А после апрельского Жуковского кулака союзники стремительно откатились далеко на Запад – на сотни километров. И возвратились только тогда, когда поняли, что советское командование остановило армии строго по рубежу Эльбы. После того эпизода и произошла та самая «дружеская» трогательная и памятная встреча, о которой немало чего сложено – не песен, а пропагандистского и вряд ли искреннего трепа.

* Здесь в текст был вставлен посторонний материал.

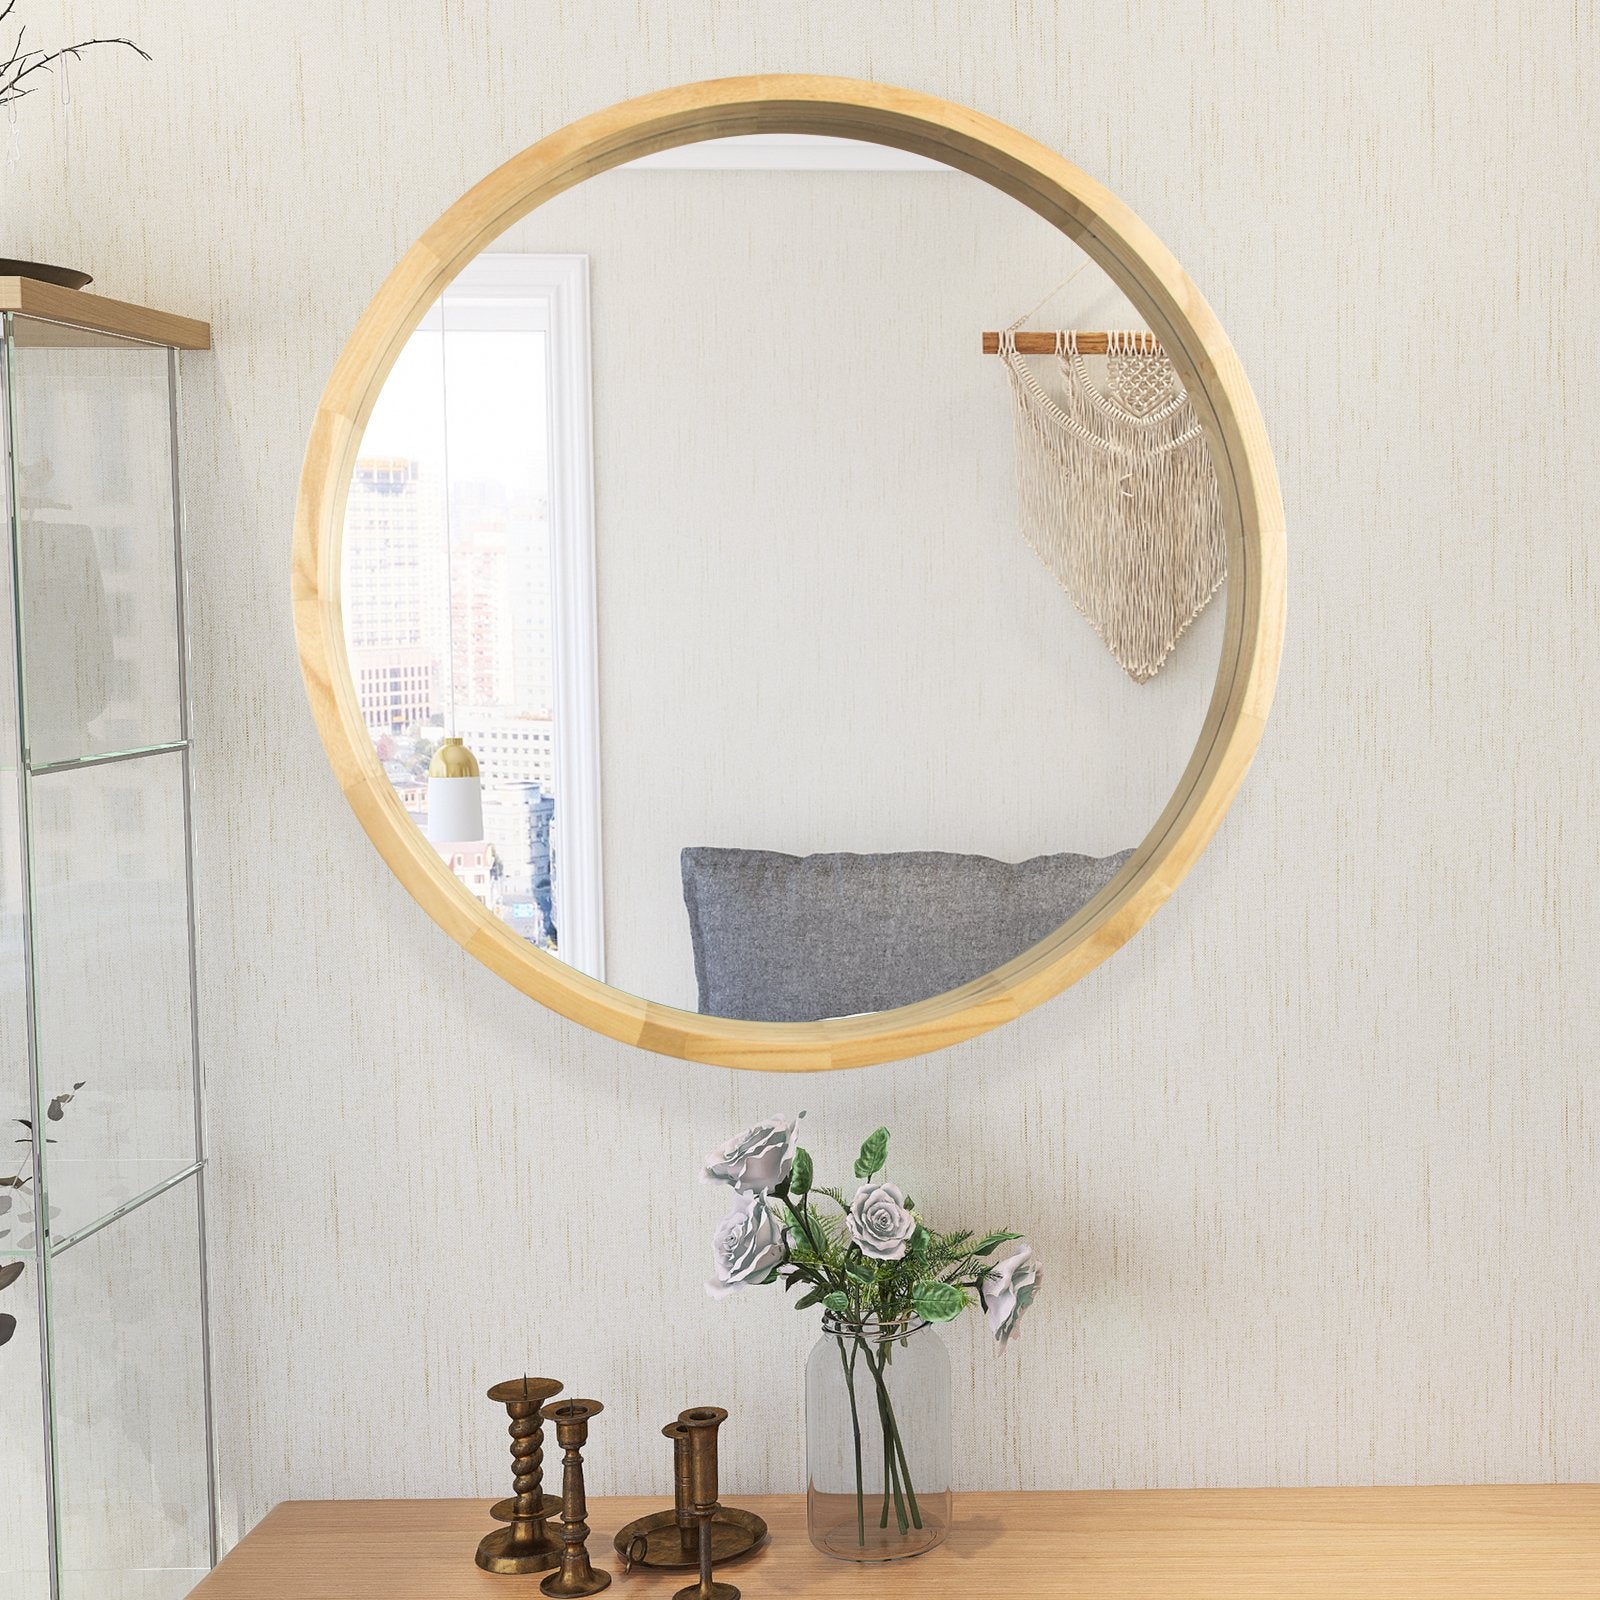 Circle Mirror with Wood Frame, Round Modern Decoration Large Mirror for Bathroom Living Room Bedroom Entryway, Walnut Natural, 30"-Boyel Living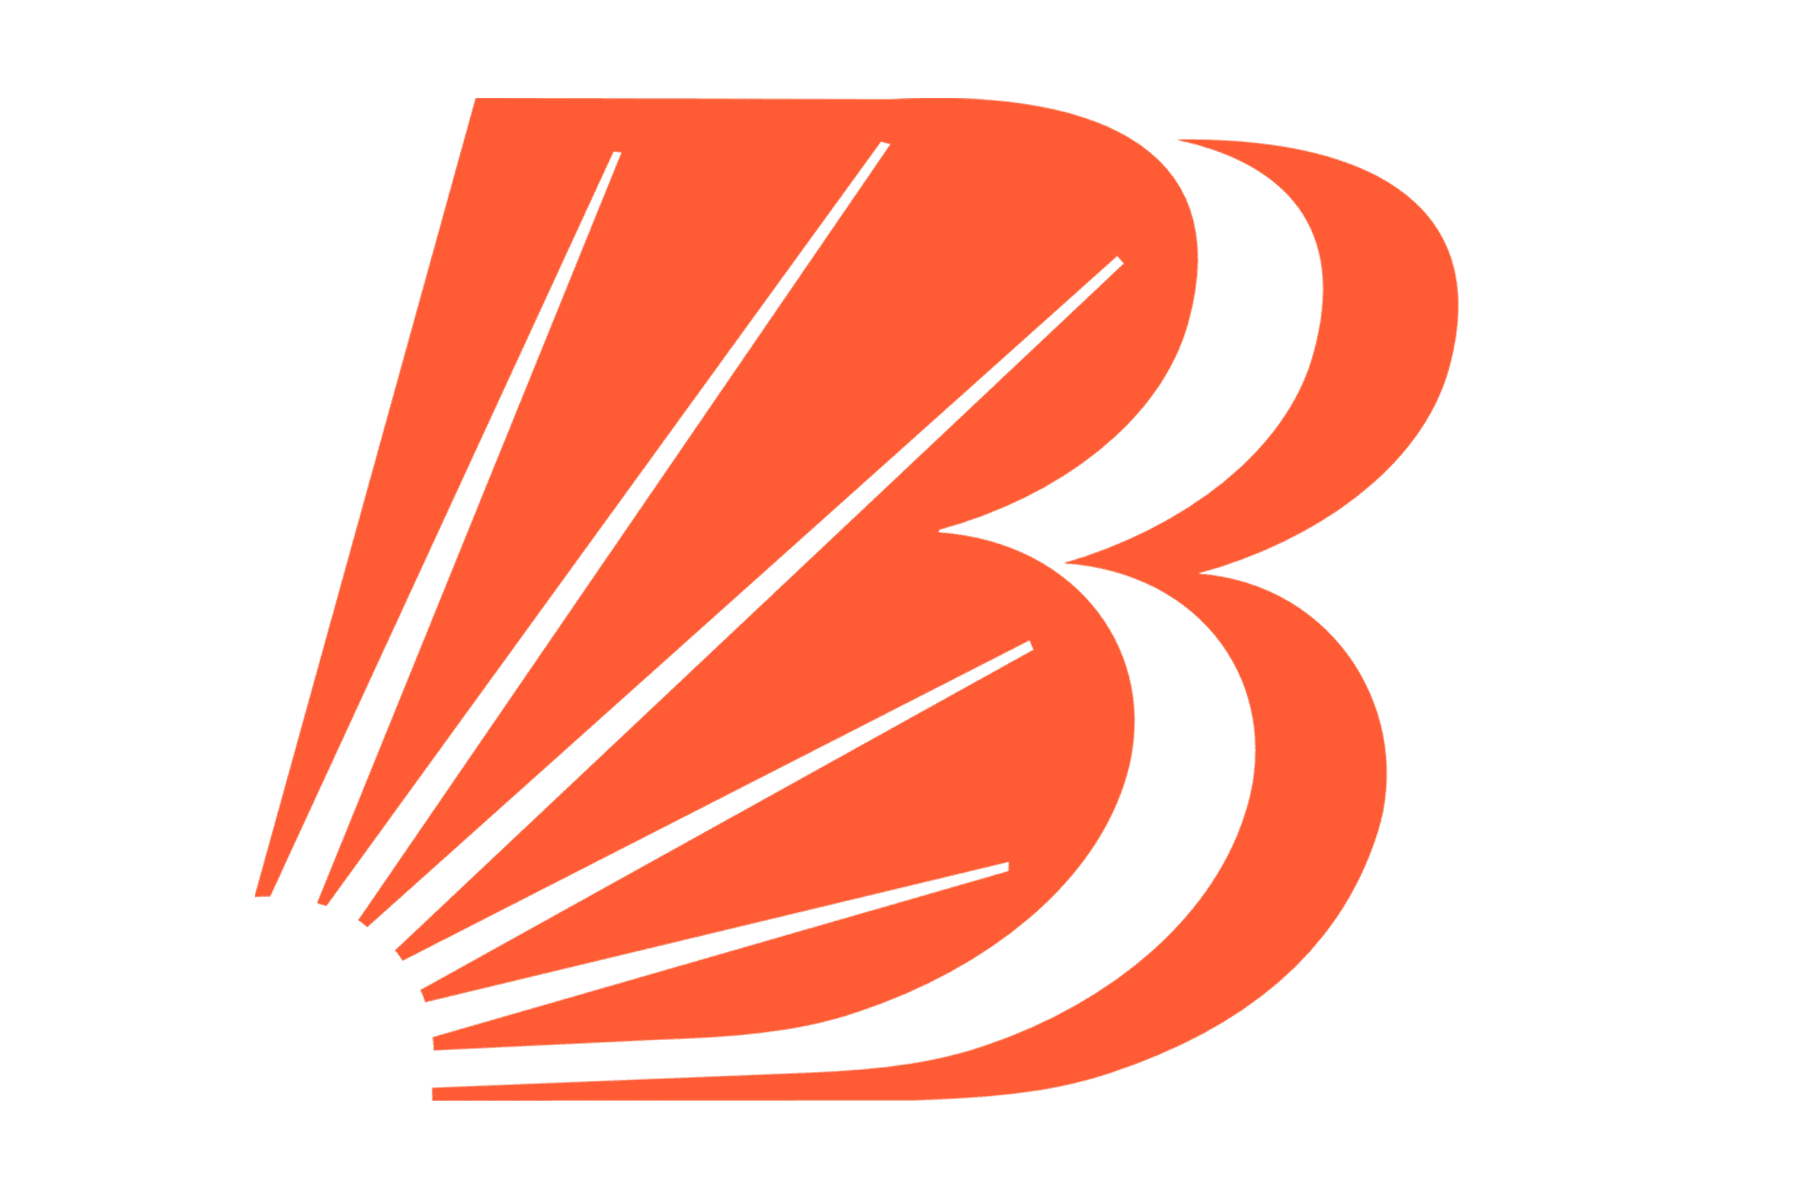 Bank of Baroda - Ab Pension par full attention. Submit... | Facebook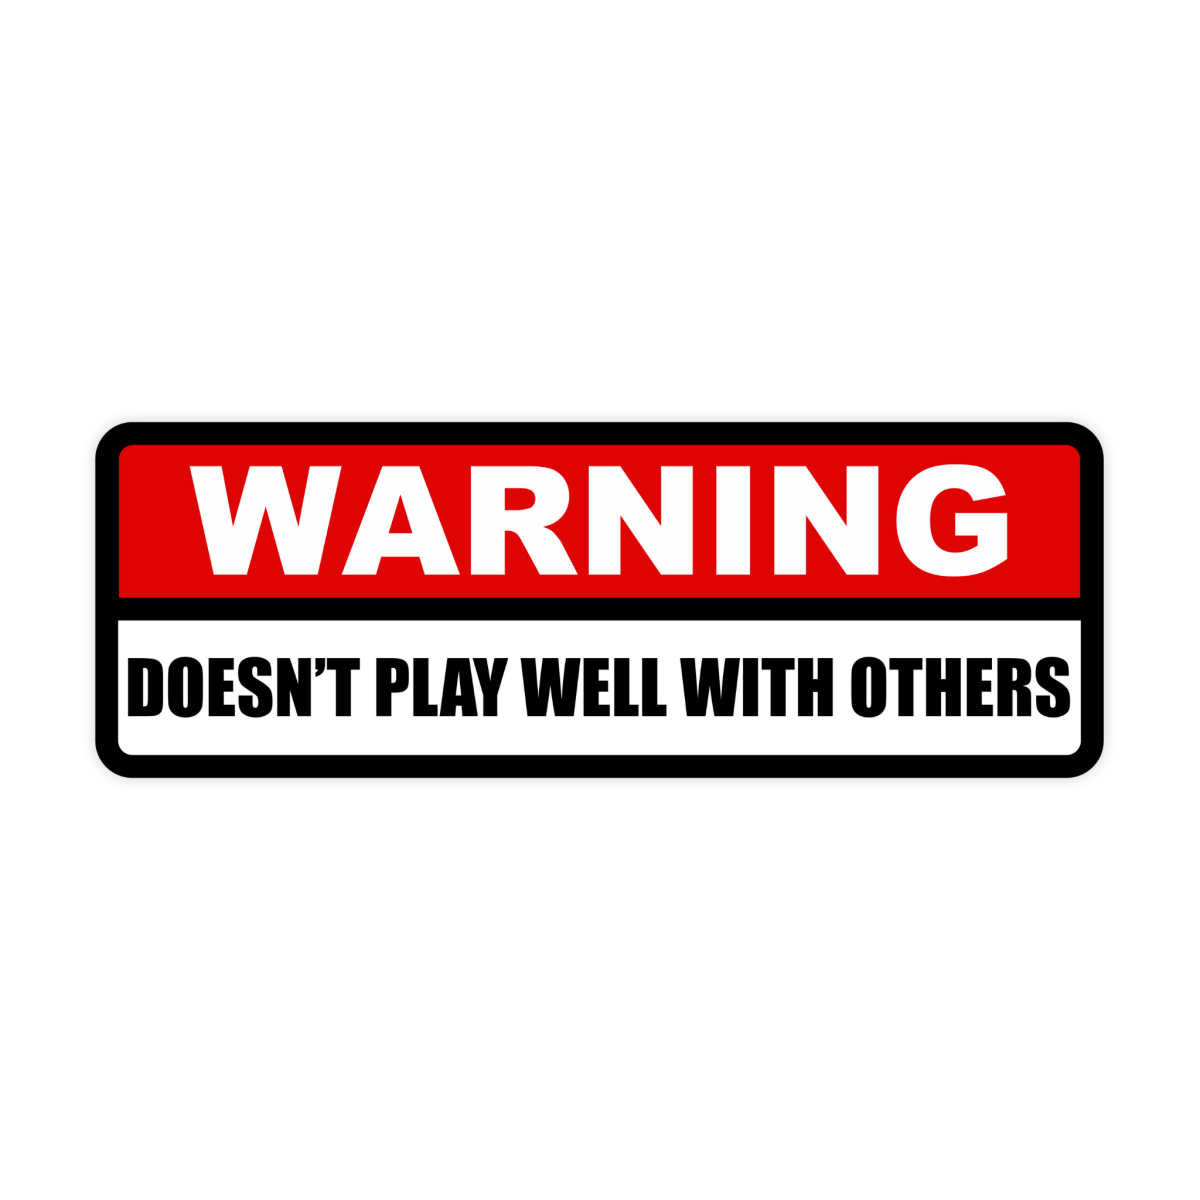 Warning Doesn't Play Well With Others Bumper Sticker - stickerbullWarning Doesn't Play Well With Others Bumper StickerRetail StickerstickerbullstickerbullSage_WarningPlayWell [#90]Warning Doesn't Play Well With Others Bumper Sticker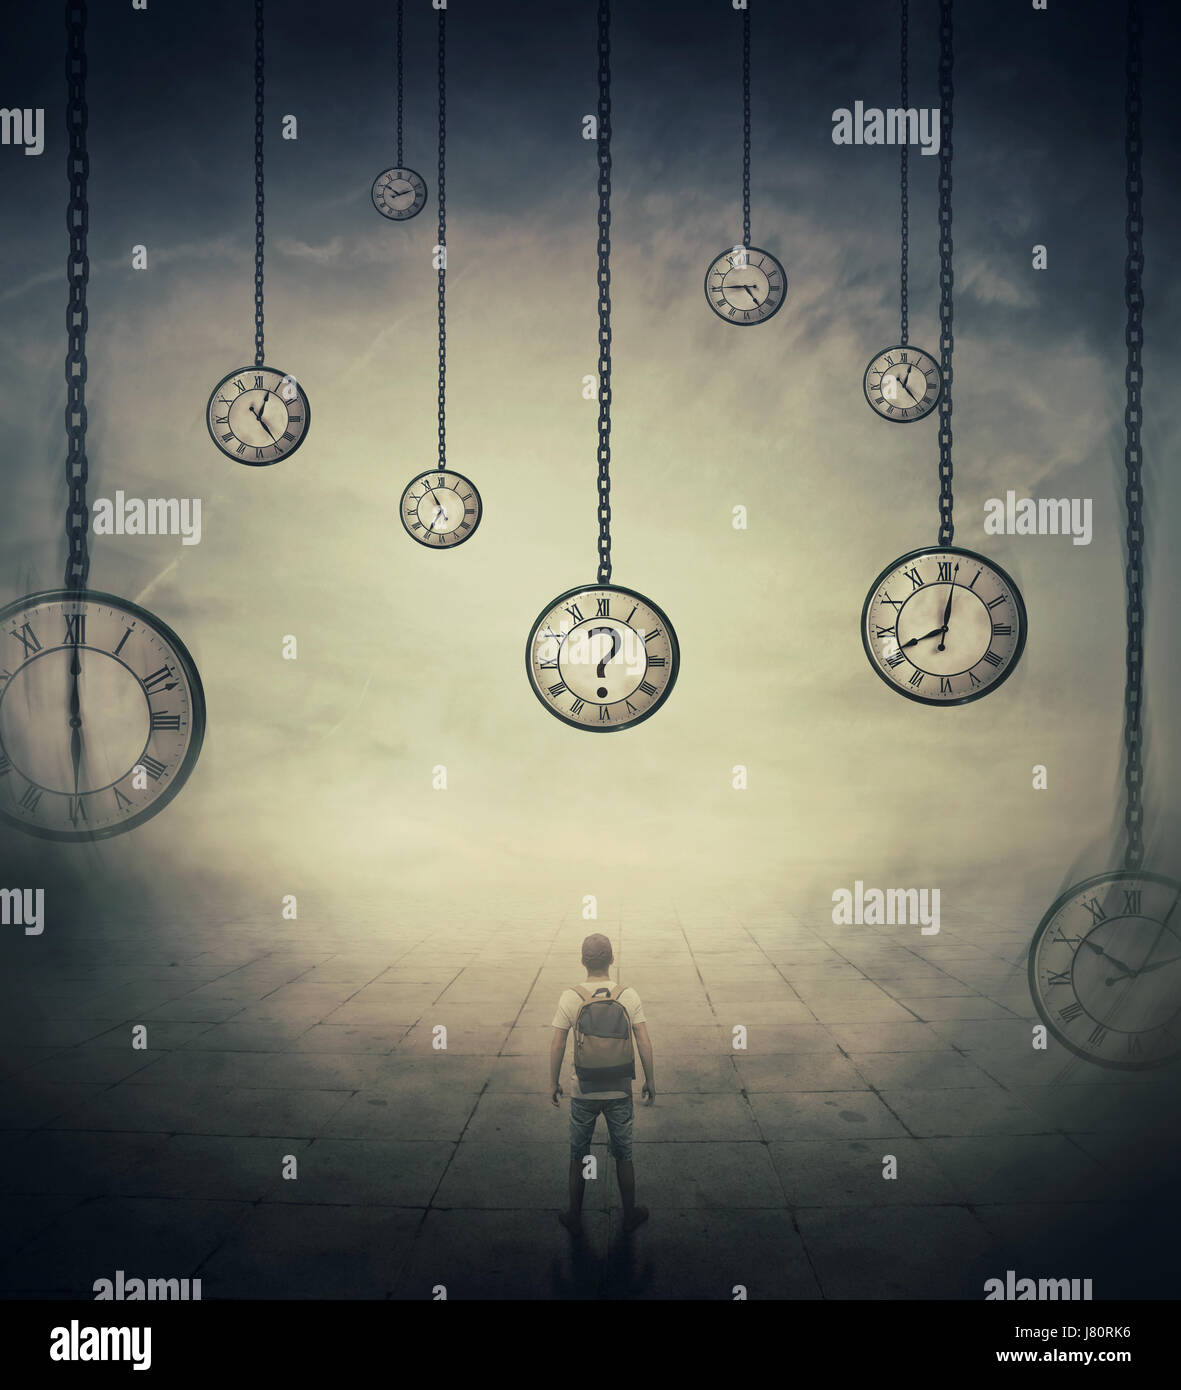 Surrealistic image with a man lost in time, standing in a foggy street in front of huge clocks set to different times. Hour perception and time travel Stock Photo

Но его вовсе не было по тому обстоятельству, что «второй фронт» уже 1 июля 1945 года – до Нюрнберга, намерился начать прямые боевые действия против СССР. Речь о разработанной по приказу Черчилля операции «Немыслимое», детали которой рассекретили в 1999 году. Согласно этому плану объединенные войска США, Британии, Канады и подконтрольные польские корпуса – куда ж без Польши, предполагалось бросить против СССР. Однако детальный анализ боевой его составляющей и Жуковский демарш заставил трезвомыслящих аналитиков западных стран отказываться от намерений своих лидеров еще на многие годы вперед. Дату нападения постоянно переносили. Но сама идеология противостояния, высокопарно именуемого Холодной войной, обрела конкретику с так называемой Фултоновской речи Черчилля 5 марта 1946 года.

Такой у нас был союзник. И этот «второй фронт» в реальной ситуации Мировой войны был для СССР и его руководства, если по нашей раскладке, четвертым по счету. Его реальные интересы и действия приходилось не только учитывать, но и противостоять им, отвлекая на это противостояние и силы и ресурсы в тех или иных их видах. Но это был вполне осязаемый фронт, на котором Союзу приходилось отражать агрессию своих противников, чтобы привести свою страну к тому, что сегодня именуют Победой. Акценты и в ней тоже сегодня все еще расставлены недостаточно внятно, что и формирует базу для всякого рода спекуляций и передергивания. Ради нормализации внешних отношений, страна поступилась выводом, что гитлеровские цели и устремления – совокупная идеология всего того мира, который мы, да и он сам, охотно называем западным. Больше того, имевшее место – закономерное следствие его развития, его потребительской идеологии, впадающей в перманентные кризисы

Заметим, что ситуация «с Европой» и «Западом» явно повторилась 08.08.08, когда националистическая Грузия начала боевую операцию против мирного населения Южной Осетии и военно-миротворческих сил России, расквартированных там же. Россия о нападении знала, что не скрывается, к нему готовилась, но из-за пресловутого евромнения не решилась начинать боевые действия упреждающего характера. По причине все тех же закономерно ожидавшихся обвинений в сознательном развязывании войны. В агрессии против маленького, но без меры гордого народа, за спиной которого уютно устроились и «наши друзья из Штатов», и «показательно миролюбивые» европейцы. Те, что без комплексов готовы на пропагандистские войны любого размаха, легко перетекающие в прямые боевые столкновения любого уровня циничности. Нынешняя ситуация с Триполи еще не остыла. Под истовый лай евросворы о неких демократических ценностях, которые почему-то всегда закладываются потоки русской крови и ее, России, прямые интересы. И сколько еще раз эта ситуация будет повторяться в будущем? До тех пор, пока мнение великой России не станет авторитетным. Пока этого нет – процесс в развитии. Сложном, но уже уверенном.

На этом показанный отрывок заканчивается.